Two points, x(:,j, k) and x(:, 128-j, k), at any \(i\in \left[{i}_{1},{i}_{2}\right]\) are symmetric about the plane \(y=0\) at \(z=k\) for \(k=\mathrm{1,2},\dots ,200\) if \(\left|{L}_{j,k}-{L}_{130-j,k}\right|<0.001;\) otherwise, these two points are not symmetric about the plane y = 0.

Let \(m\left({d}_{i}\right)\) and \(n\left({d}_{i}\right)\) are the number of pairs of points that are symmetric and antisymmetric, respectively. The antisymmetric index is defined by

$$\alpha_i = \left( {\frac{n(d_i )}{{m(d_i ) + n(d_i )}}} \right).$$
(6.4)

For \(i\in \left[{i}_{1},{i}_{2}\right]\), the contour of Liutex magnitude in the YZ-plane is symmetric about the plane \(y=0\) if \({\alpha }_{i}<0.01.\) Otherwise, the contour of Liutex magnitude in the YZ-plane is antisymmetric about \(y=0\). So, the vortex structure is symmetric about \(y=0\) if \({\alpha }_{i}<1,\) \(\forall i\in \left[{i}_{1},{i}_{2}\right]\). Otherwise, the vortex structure is antisymmetric about \(y=0\).

From the above definition, if \({\alpha }_{i}\ge 1\), the vortex structure is antisymmetric. The higher the value of \({\alpha }_{i}\), the more antisymmetric the vortex structure is. If \({\alpha }_{i}<1\), symmetric vortex exists (Figs. 6.9 and 6.10).

Fig. 6.9
The diagram illustrates that in reconstructed data, the bottom part has crossed the antisymmetric index threshold at around X = 468.

YZ-slice of reconstructed flow by the first five POD modes at X = 470

Fig. 6.10
A graph of antisymmetric index versus X-axis, depicts an ascending trend.
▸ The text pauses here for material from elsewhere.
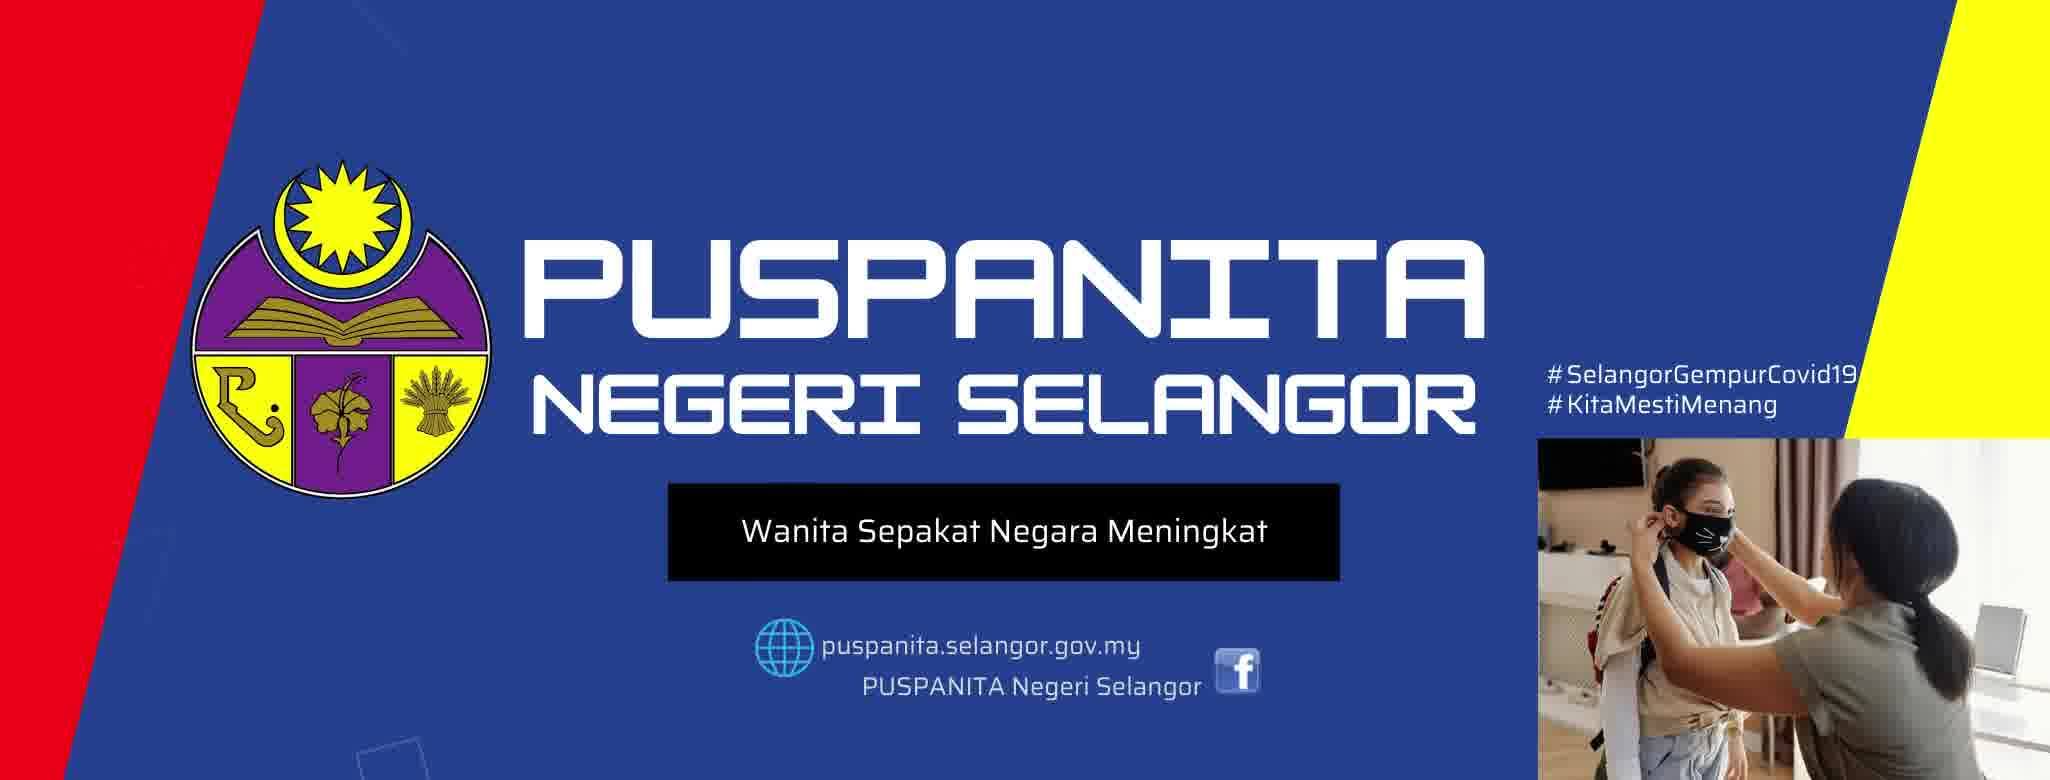 PUSPANITA Negeri Selangor

It depicts three plots for top, bottom, and middle.

The antisymmetric index of the top, bottom, and middle part of the reconstructed vortex structure by the first five POD modes

The figure is the YZ-slice contour of the reconstruction of the vortex structure by the first five modes at timestep t = 20.00 T, where T is the period of T-S wave.
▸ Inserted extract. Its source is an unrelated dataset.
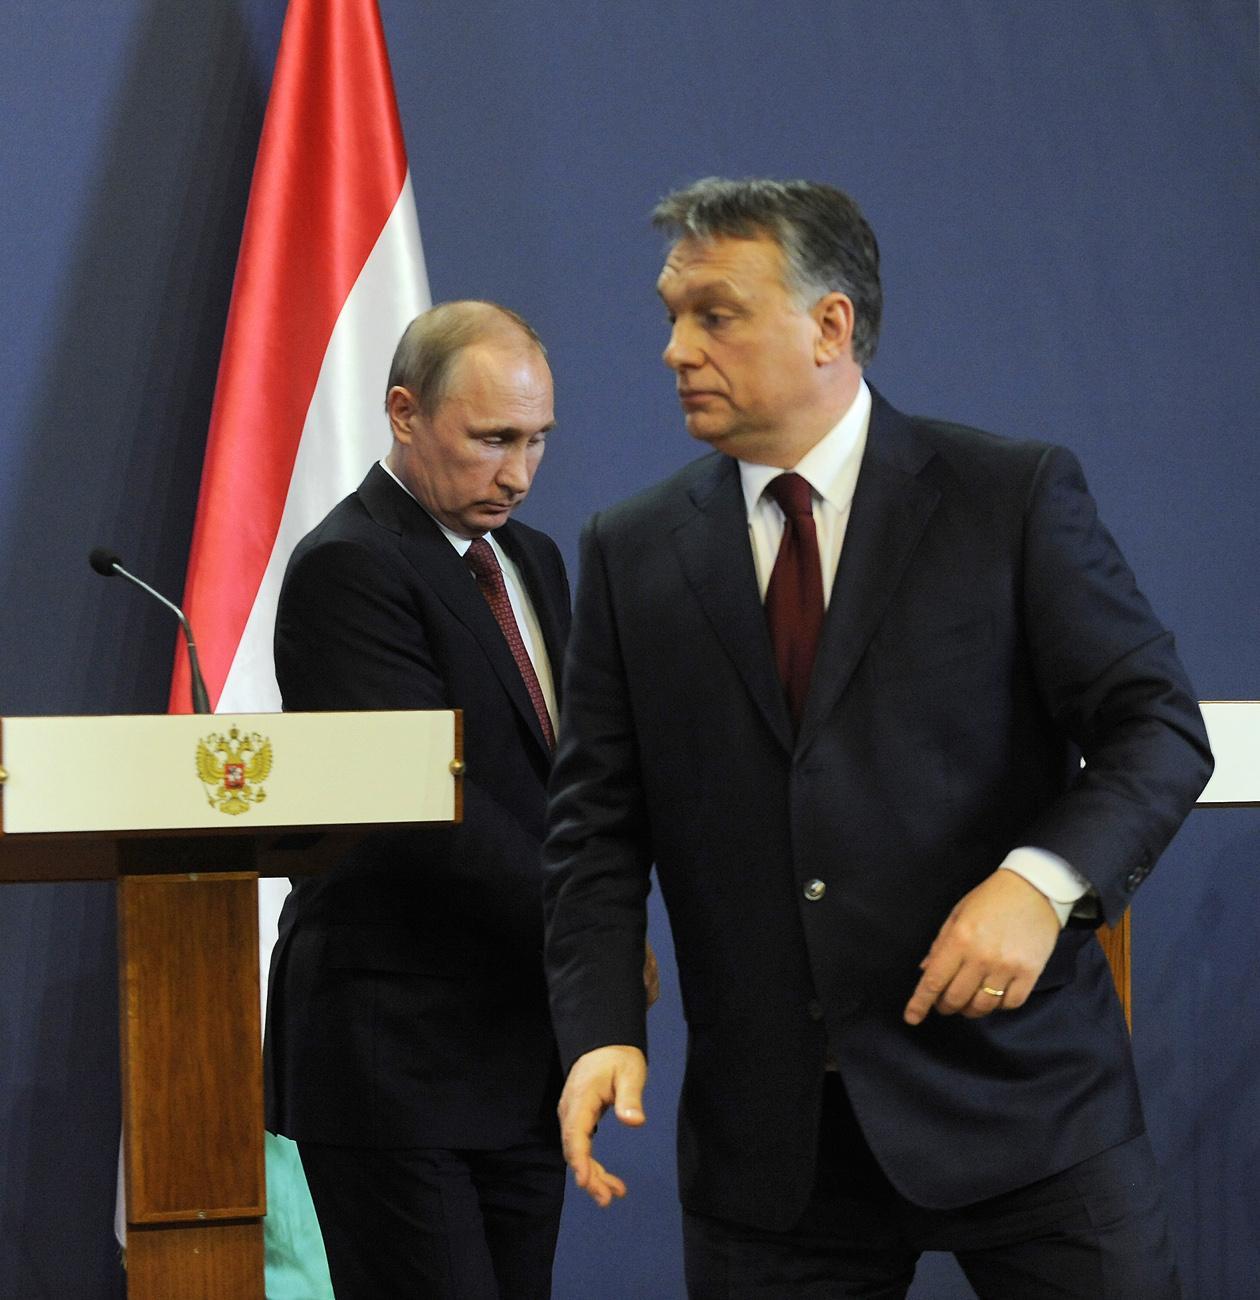 Putyin és Orbán a parlamentben: muszáj jóban lenni?

This figure shows that in reconstructed data, the bottom part has crossed the antisymmetric index threshold (i.e., 0.01) at around X = 468. Then the middle and top part crosses that limit at X = 470 and X = 475, respectively, indicating that the antisymmetric vortex structure starts from the middle, then spreads to the bottom, and then to the top of the boundary layer vortex structure in transitional flow.

6 Conclusion

POD can be used to reduce the dimension of the large data, keeping most of the features intact. This will reduce the cost and time of computation. So, this technique has been so effectively applied in the literature. From the POD analysis on losing symmetry of vortex structure in the boundary layer transition, we can conclude the followings:

  1. 1.

    Mode 1, known as the mean flow, has most of the rotational intensity of the flow. Leading modes have dominant rotational strength, while trailing modes contribute less to fluid rotation.

  2. 2.

    The first three/four modes have streamwise characteristic, but when we take higher modes, the spanwise characteristic of the flow becomes dominant.

  3. 3.

    The antisymmetry of the vortex structure starts from the middle of the boundary layer, and then the antisymmetric structure of the bottom part starts and spreads to the top level. In the late transition stage of the boundary layer, the vortex structure is entirely asymmetric.